De las colocaciones de "The Man Who Was Thursday" se desprende que se podría tratar de una novela policíaca ("Inspector Ratcliffe", "Scotland Yard", "police station"). Y basándonos en las colocaciones de "Alice", podemos deducir que muchos de los personajes son animales ("Mock Turtle", "March Hare", etc.), por lo que debería tratarse de un cuento fantástico. También algunas colocaciones parecen indicar que en el libro hay mucho diálogo ("said Alice", "trembling voice", "dead silence", "yer honor", "Alice replied").

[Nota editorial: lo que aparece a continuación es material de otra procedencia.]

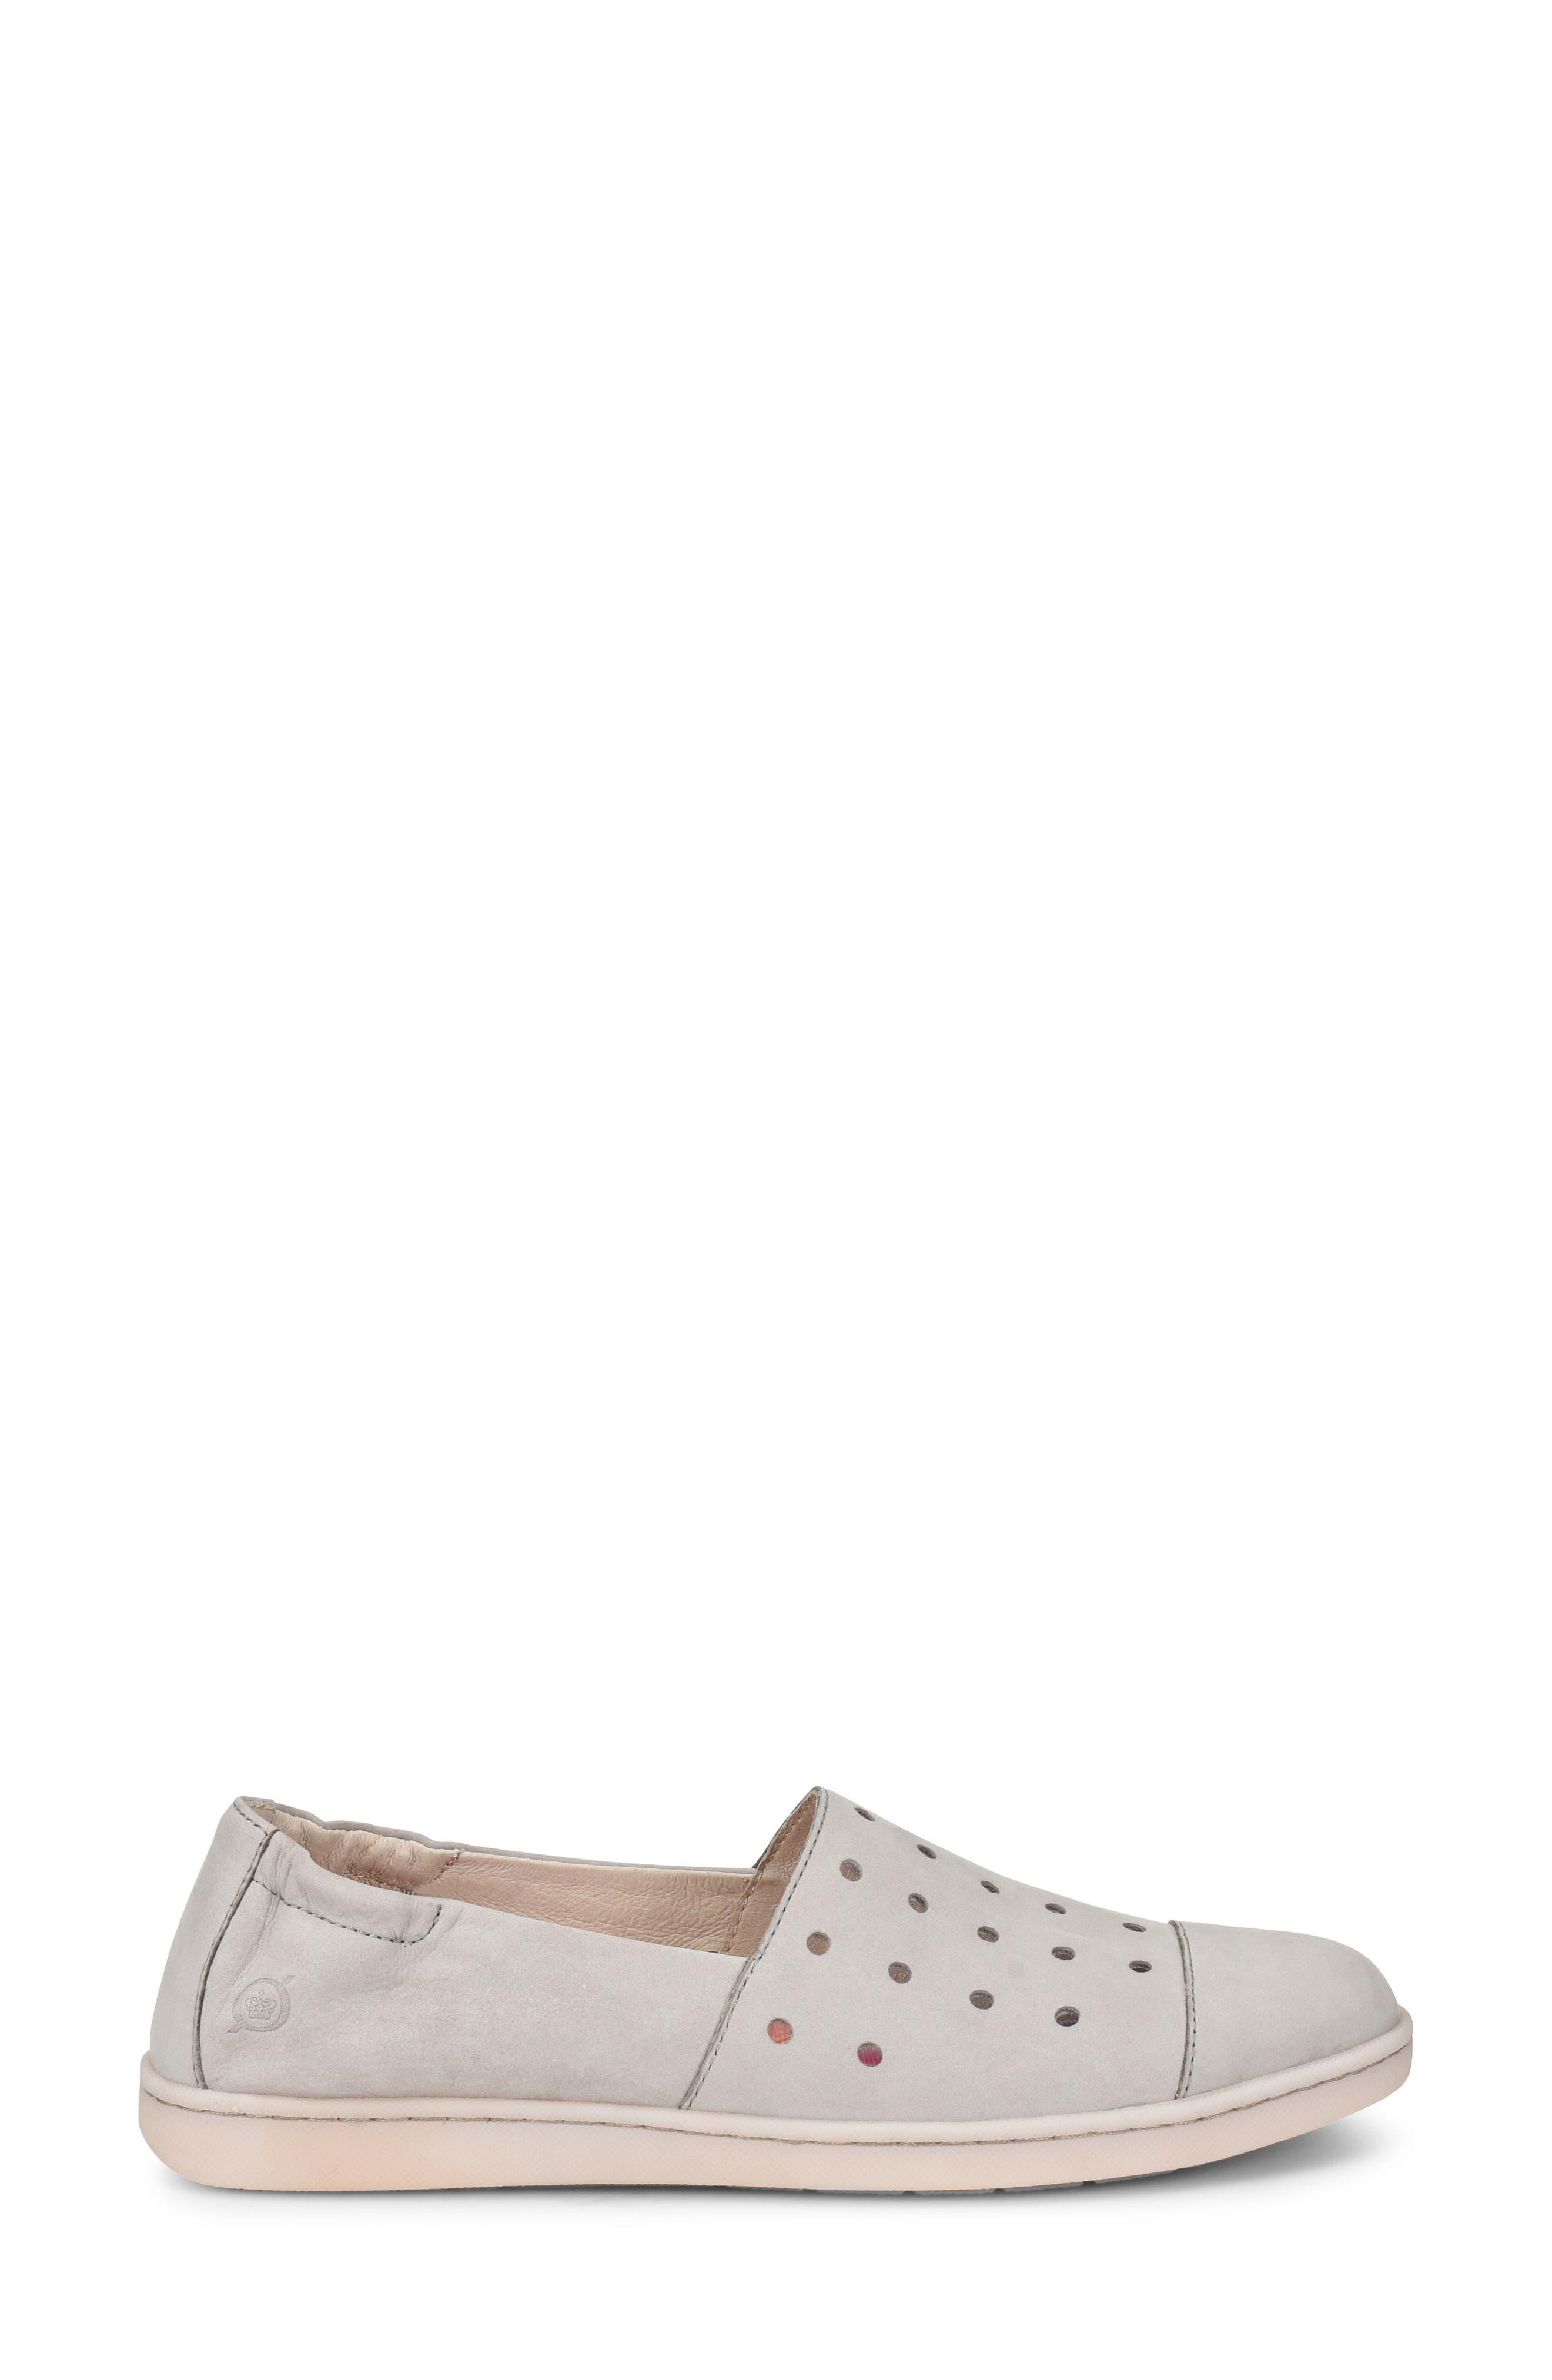 Kristin Sneaker,                             Alternate thumbnail 3, color,                             Light Grey Nubuck Leather
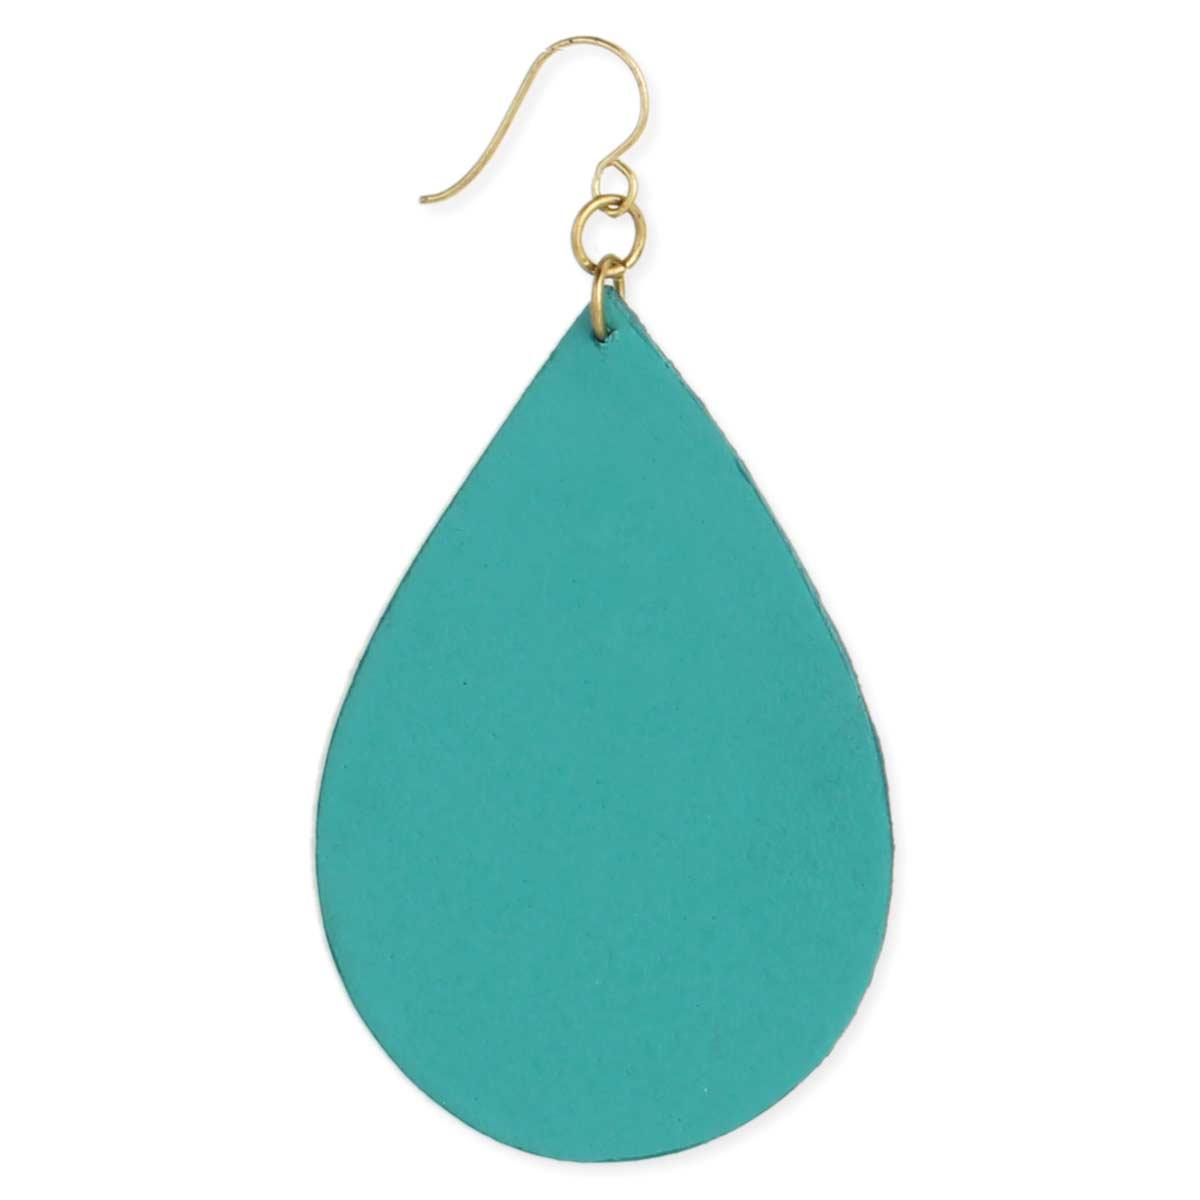 Turquoise Leather Teardrop Earring

Finalmente he mirado las concordancias de "rich" and "poor" en los dos textos. En el texto de Chesterton ambas palabras se usan tanto en relación con la situación económica de una persona o entidad ("rich man", "the poor have been rebels"), como en el sentido figurativo de "abundante" o "suntuoso" para "rich" ("rich athmosphere") y de desgraciado para "poor" ("poor old Colonel"). En el libro de Carrol la riqueza material, al parecer, no tiene mucha transcendencia. "Rich" se usa solo una vez para hablar de la sopa, mientras que "poor" se utiliza 27 veces y casi siempre para expresar compasión ("poor Alice", "poor little things", "my poor hands").

### Exercise 10

Read the BBC News article: UK's Vicky Pollards 'left behind' http://news.bbc.co.uk/1/hi/education/6173441.stm. The article gives the following statistic about teen language: "the top 20 words used, including yeah, no, but and like, account for around a third of all words." How many word types account for a third of all word tokens, for a variety of text sources? What do you conclude about this statistic? Read more about this on LanguageLog, at http://itre.cis.upenn.edu/~myl/languagelog/archives/003993.html.

In [None]:
categories = ['adventure', 'belles_lettres', 'editorial', 'fiction', 'government', 'hobbies',
'humor', 'learned', 'lore', 'mystery', 'news', 'religion', 'reviews', 'romance',
'science_fiction']


def types_in_part(fdist, n):
    # Set the number of tokens corresponding to n% of all the tokens
    mark = fdist.N() * n
    tokens = 0
    for count, (word, freq) in enumerate(fdist.most_common()):
        tokens += freq
        if tokens >= mark:
            types_number = count + 1
            break
    return types_number

brown_cfdist = ConditionalFreqDist(
        (category, word.lower())
        for category in categories
        for word in brown.words(categories=category)
        if word.lower() not in stops_punct
    )

for fdist in brown_cfdist:
    length = len(brown_cfdist[fdist])
    types = types_in_part(brown_cfdist[fdist], 0.33)
    print("Category: {}. \nNumber of types in category: {}. "
          "\nWord types accounting for 1/3 of tokens: {}."
          "\n% of types accounting for 1/3 of tokens: {}.\n"
          .format(fdist, length, types, round(types/length,2)))
    

Creo que para poder comparar estos números deberíamos ver el porcentaje y no el número absoluto de los types que forman 1/3 de los tokens.  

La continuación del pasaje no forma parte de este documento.